Article updated at 4:12 p.m. EDT.
An agreement by Mississippi electric power cooperatives to cost-share 15 percent of Mississippi Power Co.’s $6.2 billion "clean" coal plant in Kemper County has been scuttled after the cooperatives’ power purchasing entity decided the power to be delivered from the Kemper plant would be too costly.
Cost overruns for the Kemper County Energy Facility, which will use integrated gasification combined cycle technology to convert coal to gas while also capturing a portion of the plant’s carbon dioxide emissions, have become a deep thorn for Mississippi Power and its parent, Atlanta-based Southern Co., which has heavily promoted the technology.
The current $6.2 billion price tag for the plant is approaching three times what the plant was initially projected to cost, and Southern has absorbed several billion dollars on its balance sheet to keep the project on track. When fully operational, the plant would be the first coal plant in the United States to capture the majority of its carbon dioxide.
In a new setback for Southern and Mississippi Power, the South Mississippi Electric Power Association’s board Wednesday voted to opt out of its 15 percent ownership stake in the project, citing "delays in project schedule, changing needs, and increased participation costs."
South Mississippi Electric (SMEPA) officials said new estimates show its costs of participating in the Kemper project "have increased to the point that the rate impacts necessary for ownership would not best serve the needs of SME’s 11 member cooperatives or their combined 419,000 members."

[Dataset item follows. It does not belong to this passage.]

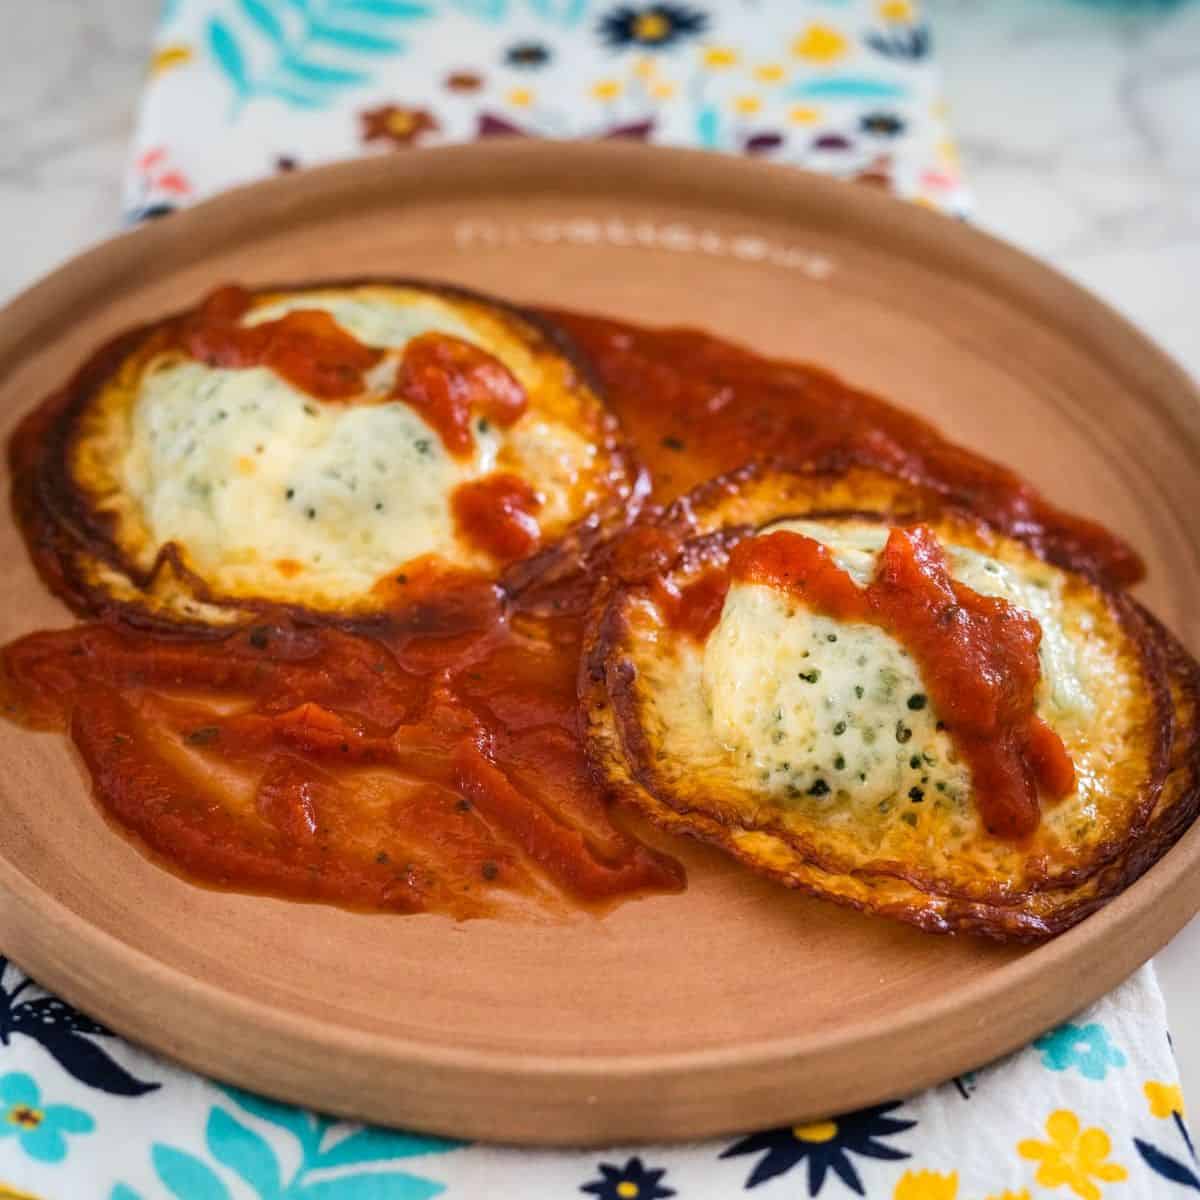 Two baked eggs in tomato sauce served on a round, clay plate with a floral napkin underneath.

Under its agreement with Mississippi Power, SMEPA is entitled to withdraw its ownership promise due to delays in closing the deal, Jim Compton, the cooperative’s general manager and chief executive officer, said in a statement.
"We entered into the purchase agreement in 2010," Compton noted. "Since then, there have been multiple changes in the project, and also changes in our power supply needs. The board determined that proceeding to closing was not in SMEPA’s best interests, and we needed to let [Mississippi Power] know so that alternate plans could proceed."
According to Mississippi Power, SMEPA’s 15 percent stake in the Kemper plant was projected to be roughly $600 million in fixed asset costs as of March 2016, when the plant is expected to be nearing completion. Under terms of the agreement, Mississippi Power will refund $275 million in deposits made by Southern Mississippi Electric toward Kemper, plus interest.
Mississippi Power to evaluate next moves
It remains unclear what the decision will mean for Mississippi Power and Southern, whose stock value and reputation both in Mississippi and nationally are riding partly on the completion and successful operation of the 582-megawatt coal burner that will rely on locally sourced lignite coal.
In a statement, Mississippi Power executives said they were disappointed by Southern Mississippi Electric’s decision to back out of the project, adding "SMEPA has been a long-time partner of Mississippi Power, and despite their decision on Kemper, we anticipate serving South Mississippi together for many years."
Mississippi Power also said it was evaluating its alternatives with respect to SMEPA’s decision and related costs associated with the ownership interest in the Kemper County facility, also known as Plant Ratcliffe.
SMEPA buys or generates power for retail cooperatives serving 55 counties in southern and western Mississippi. The co-op currently purchases more than a quarter of its electricity from Mississippi Power. But its generation portfolio has shifted in recent years to other suppliers, including its own gas, coal and nuclear plants.
In an editorial, the Daily Leader newspaper of Brookhaven, Miss., which receives its power from an SME-member co-op, yesterday backed the board’s decision to exit the Kemper agreement. "While the Kemper experiment may eventually work, it now seems ridiculous to spend $6.2 billion to construct a lignite power plant when natural gas facilities can be purchased for much less," the newspaper’s editorial board said.
Kemper’s escalating costs have created broader headaches for Mississippi Power, which remains mired in a rate case disagreement that has wound its way to the Mississippi Supreme Court.
In February, the high court ruled that the state Public Service Commission had erred in approving an 18 percent rate hike on Mississippi Power’s 186,000 customers and ordered the utility to refund an estimated $257 million in additional revenues it had received since 2013. Mississippi Power has asked for a rehearing in that case in hopes of reinstating the original rate hikes.
In lieu of a court reversal or settlement, Mississippi Power has filed a new rate case before the Public Service Commission that could see Mississippi Power customers face rate hikes of between 22 and 41 percent (EnergyWire, May 18). Mississippi regulators had earlier imposed a $2.88 billion cap on rate recovery for Kemper, and utility officials have said they do not want to raise rates any more than necessary to complete the project.
Also last month, the engineering and consulting firm that had served as an independent monitor of the Plant Kemper project for state regulators terminated its 4-year-old contract with the Mississippi Public Utilities Staff. The firm, POWER Burns and Roe, said it was ending the contract for internal business reasons (EnergyWire, May 15).